Repository URL to install this package:
|
Version:
0.9.10 ▾
|
#####
Usage
#####
Converting files using the command line interface
#################################################
Using the ``pydocx`` command,
you can specify the output format
with the input and output files:
.. code-block:: shell-session
$ pydocx --html input.docx output.html
Converting files using the library directly
###########################################
If you don't want to mess around
having to create exporters,
you can use the
``PyDocX.to_html``
helper method:
.. code-block:: python
from pydocx import PyDocX
# Pass in a path
html = PyDocX.to_html('file.docx')
# Pass in a file object
html = PyDocX.to_html(open('file.docx', 'rb'))
# Pass in a file-like object
from cStringIO import StringIO
buf = StringIO()
with open('file.docx') as f:
buf.write(f.read())
html = PyDocX.to_html(buf)
Of course,
you can do the same using the exporter
class:
.. code-block:: python
from pydocx.export import PyDocXHTMLExporter
# Pass in a path
exporter = PyDocXHTMLExporter('file.docx')
html = exporter.export()
# Pass in a file object
exporter = PyDocXHTMLExporter(open('file.docx', 'rb'))
html = exporter.export()
# Pass in a file-like object
from cStringIO import StringIO
buf = StringIO()
with open('file.docx') as f:
buf.write(f.read())
exporter = PyDocXHTMLExporter(buf)
html = exporter.export()
Currently Supported HTML elements
#################################
* tables
* nested tables
* rowspans
* colspans
* lists in tables
* lists
* list styles
* nested lists
* list of tables
* list of pragraphs
* justification
* images
* styles
* bold
* italics
* underline
* hyperlinks
* headings
HTML Styles
###########
The export class
``pydocx.export.PyDocXHTMLExporter``
relies on certain
CSS classes being defined
for certain behavior to occur.
Currently these include:
* class ``pydocx-insert`` -> Turns the text green.
* class ``pydocx-delete`` -> Turns the text red and draws a line through the text.
* class ``pydocx-center`` -> Aligns the text to the center.
* class ``pydocx-right`` -> Aligns the text to the right.

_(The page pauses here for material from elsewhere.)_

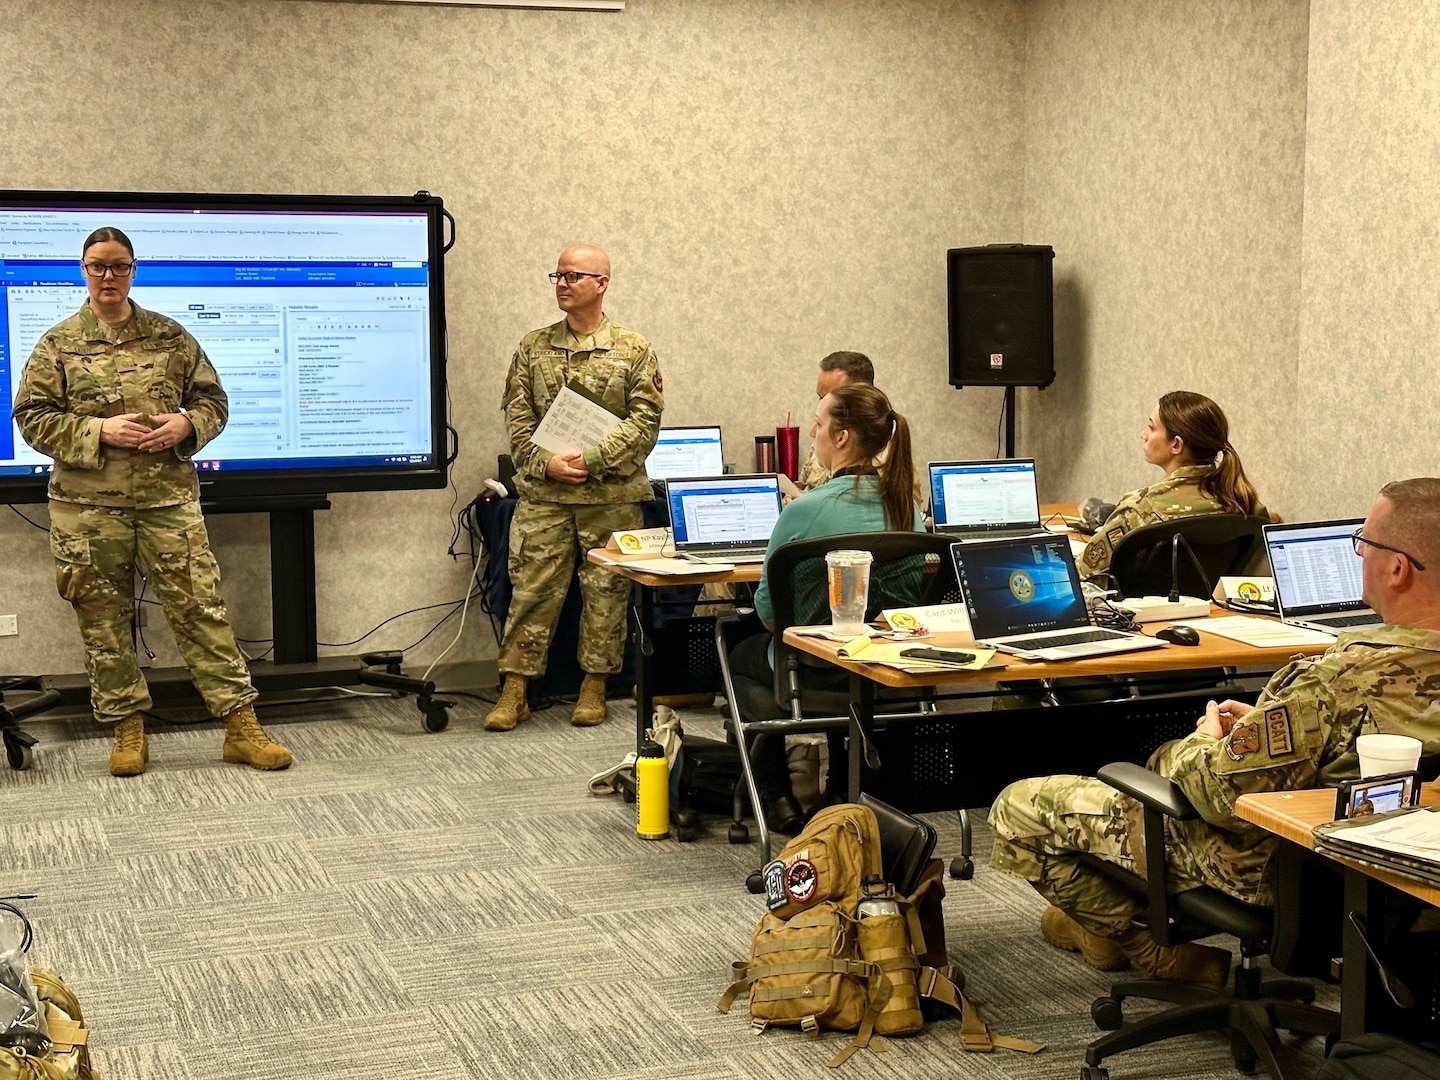 Air Force Master Sgt. Melissa Laboy, USMEPCOM medical accessions NCOIC, provides training to Air Force Reserve Component Airmen and Army National Guard Soldiers who volunteered to serve in the USMEPCOM Prescreen Support Coordination Center (PSCC). The PSCC allows providers to review military applicant medical prescreens virtually, helping to decrease the amount of time an applicant spends in their MEPS and shortening contact-to-contract time.

* class ``pydocx-left`` -> Aligns the text to the left.
* class ``pydocx-comment`` -> Turns the text blue.
* class ``pydocx-underline`` -> Underlines the text.
* class ``pydocx-caps`` -> Makes all text uppercase.
* class ``pydocx-small-caps`` -> Makes all text uppercase, however truly lowercase letters will be small than their uppercase counterparts.
* class ``pydocx-strike`` -> Strike a line through.
* class ``pydocx-hidden`` -> Hide the text.
* class ``pydocx-tab`` -> Represents a tab within the document.
Additionally,
several list styles are defined
based off the attribute values
listed at:
http://officeopenxml.com/WPnumbering-numFmt.php
* class ``pydocx-list-style-type-cardinalText`` -> (1, 2, 3, 4, etc.)
* class ``pydocx-list-style-type-decimal`` -> (1, 2, 3, 4, etc.)
* class ``pydocx-list-style-type-decimalEnclosedCircle`` -> (1, 2, 3, 4, etc.)
* class ``pydocx-list-style-type-decimalEnclosedFullstop`` -> (1, 2, 3, 4, etc.)
* class ``pydocx-list-style-type-decimalEnclosedParen`` -> (1, 2, 3, 4, etc.)
* class ``pydocx-list-style-type-decimalZero`` -> (01, 02, 03, etc.)
* class ``pydocx-list-style-type-lowerLetter`` -> (a, b, c, etc.)
* class ``pydocx-list-style-type-lowerRoman`` -> (i, ii, iii, etc.)
* class ``pydocx-list-style-type-none`` -> List style is removed
* class ``pydocx-list-style-type-ordinalText`` -> (1, 2, 3, 4, etc.)
* class ``pydocx-list-style-type-upperLetter`` -> (A, B, C, etc.)
* class ``pydocx-list-style-type-upperRoman`` -> (I, II, III, etc.)
Exceptions
##########
There is only one custom exception (``MalformedDocxException``).
It is raised if either the ``xml`` or ``zipfile`` libraries raise an exception.